哪怕現如今也做爺爺了,可這個混賬玩意兒依舊沒立起來,平時的開銷,全都指望着幾個姐姐幫襯。
真真是丟盡了老爺們兒的臉。
得知是因爲方大龍,李天明趕緊把孩子交給了嚴巧珍,追着出去了。
這些年,李學農和方豔梅,沒少因爲方大龍的事吵架。
“四叔,四嬸兒,還沒做飯呢?”
到了李學農家,一進門就感覺氣氛不對。
方豔梅揹着身在炕上躺着,李學農坐在屋門口抽着煙。
“天明,你咋還……”
話沒說完,李學工也猜到李天明是因爲啥來的了。
“四叔,到底啥事啊?還真和我四嬸兒置氣。”
李天明也點上了一根菸,走進屋裏坐下。
“你問問她,都幹啥了?”
方豔梅一聽這話,就翻身坐了起來。
“我幹啥了?你倒是說說,我幹啥了?”
剛纔在振華家裏,當着侄孫媳婦的面,她不好意思鬧,可現在是自己家,她纔不管那麼多呢。
“你還不樂意了?天明,你說說她有腦子嗎?揹着我,給天林打電話,想讓天林給她那三個不成器的孃家侄子安排工作。”
呃?
李天明聞言,詫異的看向了方豔梅。
“四嬸兒,您真給天林打電話了?”
“我……”
對上李天明的目光,方豔梅也有點兒心虛。
她雖然是長輩,可李天明是整個李家的當家人。
“我這也是被逼得真沒轍了,大龍他們兩口子跑我跟前哭,仨孩子,一個有正式工作的都沒有,娶不上媳婦兒,我這當姑的能不着急嘛!”
“你孃家侄子娶不上媳婦兒,你就去難爲天林?”
李學農這個好脾氣的人,此刻也急了。
“平時你偷着給方大龍錢,我睜一隻眼閉一隻眼,也不說啥,可這事你也敢應承?你孃家侄子都是啥玩意兒,你心裏沒數?”

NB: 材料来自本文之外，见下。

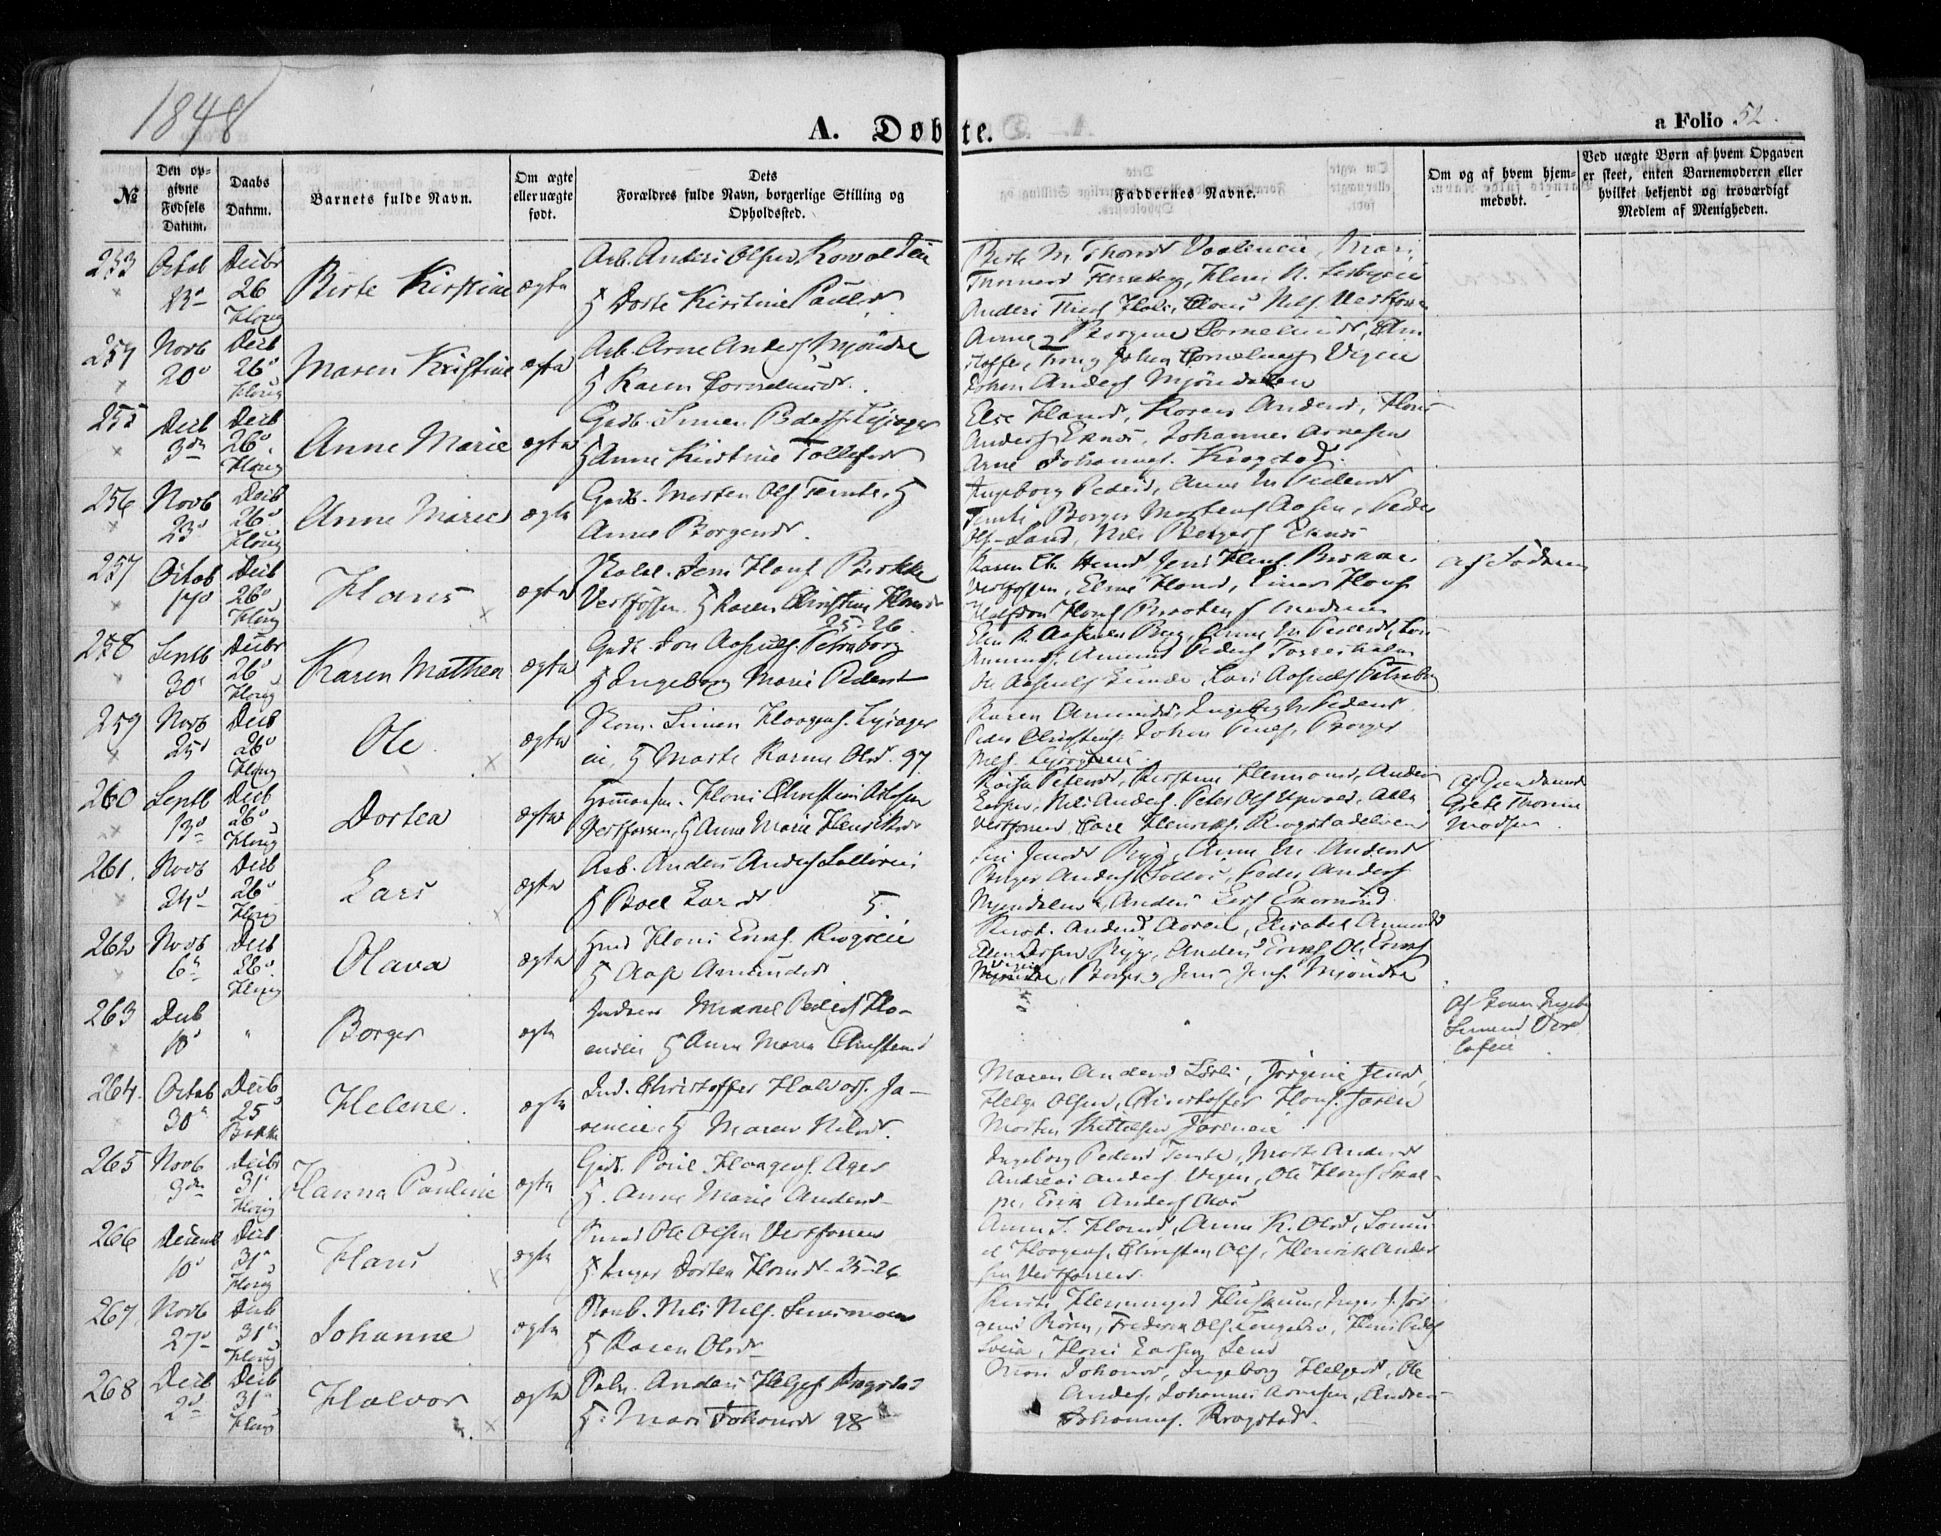 SAKO, Eiker kirkebøker, F/Fa/L0014: Ministerialbok nr. I 14, 1846-1854, s. 52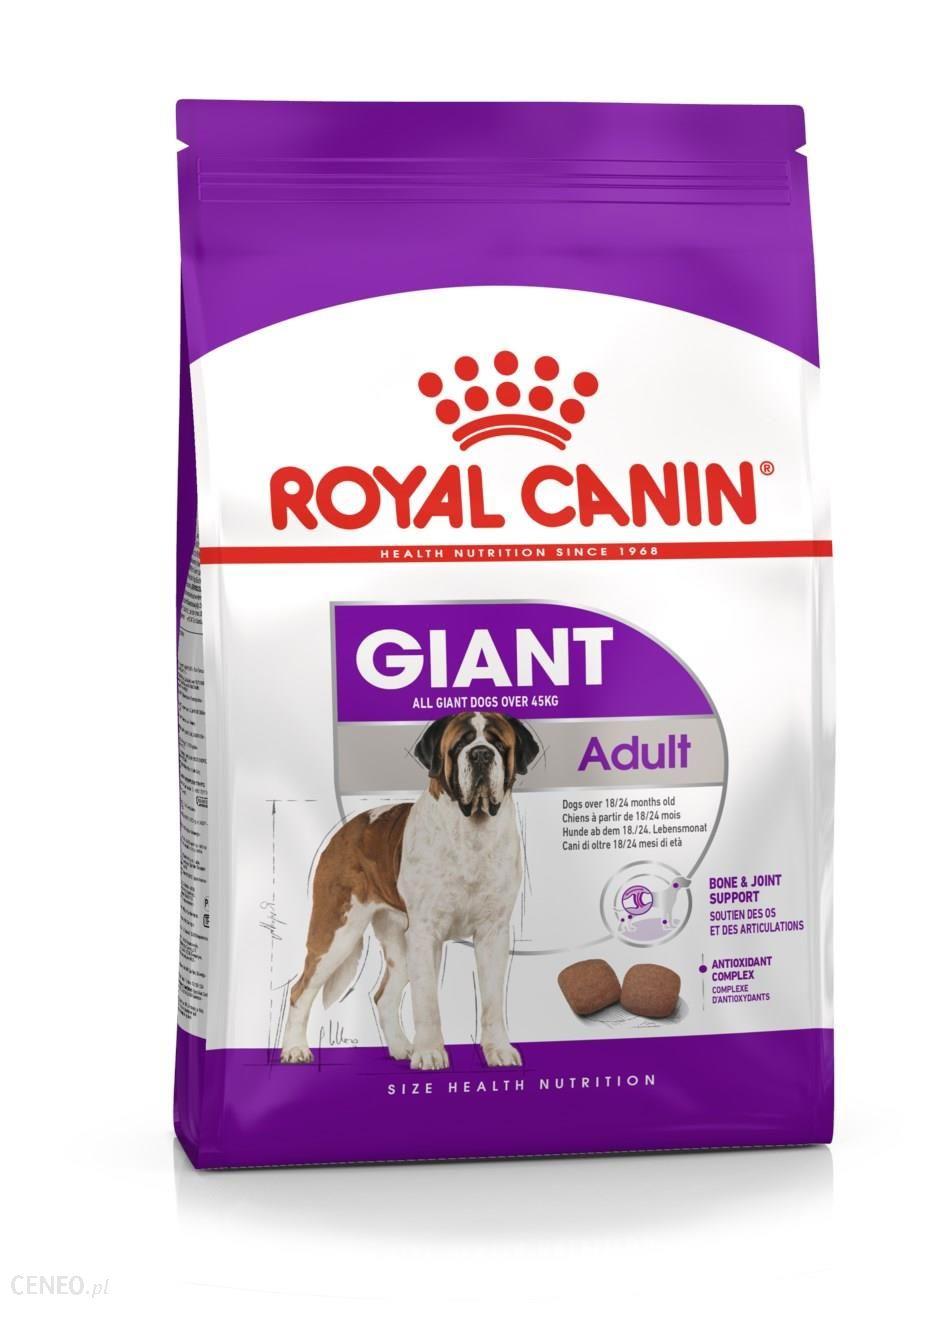 Royal Canin Giant Adult 18Kg

如果當真是好的,李學農雖然瞧不上方大龍,也不會難爲三個小輩。
可方大龍兩口子那好喫懶做的臭德行,能養的出來啥好玩意兒。
最大的31,最小的26,三個大老爺們兒,愣是連地裏那點兒事都整不明白呢。
方豔梅不知道嗎?
她當然知道,可她這麼一個精明人,偏偏總在孃家的問題上犯糊塗。
“所以,我這不就想着,看看能不能給他們找個差事,好歹娶個媳婦兒,往後再有啥事,我都不管了。”
方豔梅要是當真能做到,李天明現在就能給方大龍家的三個廢物找個活幹。
但是……
可能嘛?
當年天會結婚的時候,都已經鬧成那樣了,方豔梅當衆宣佈要和孃家斷絕來往。
可結果又如何?
沒過多長時間,方豔梅的老孃過來哭了兩鼻子,她又心軟了。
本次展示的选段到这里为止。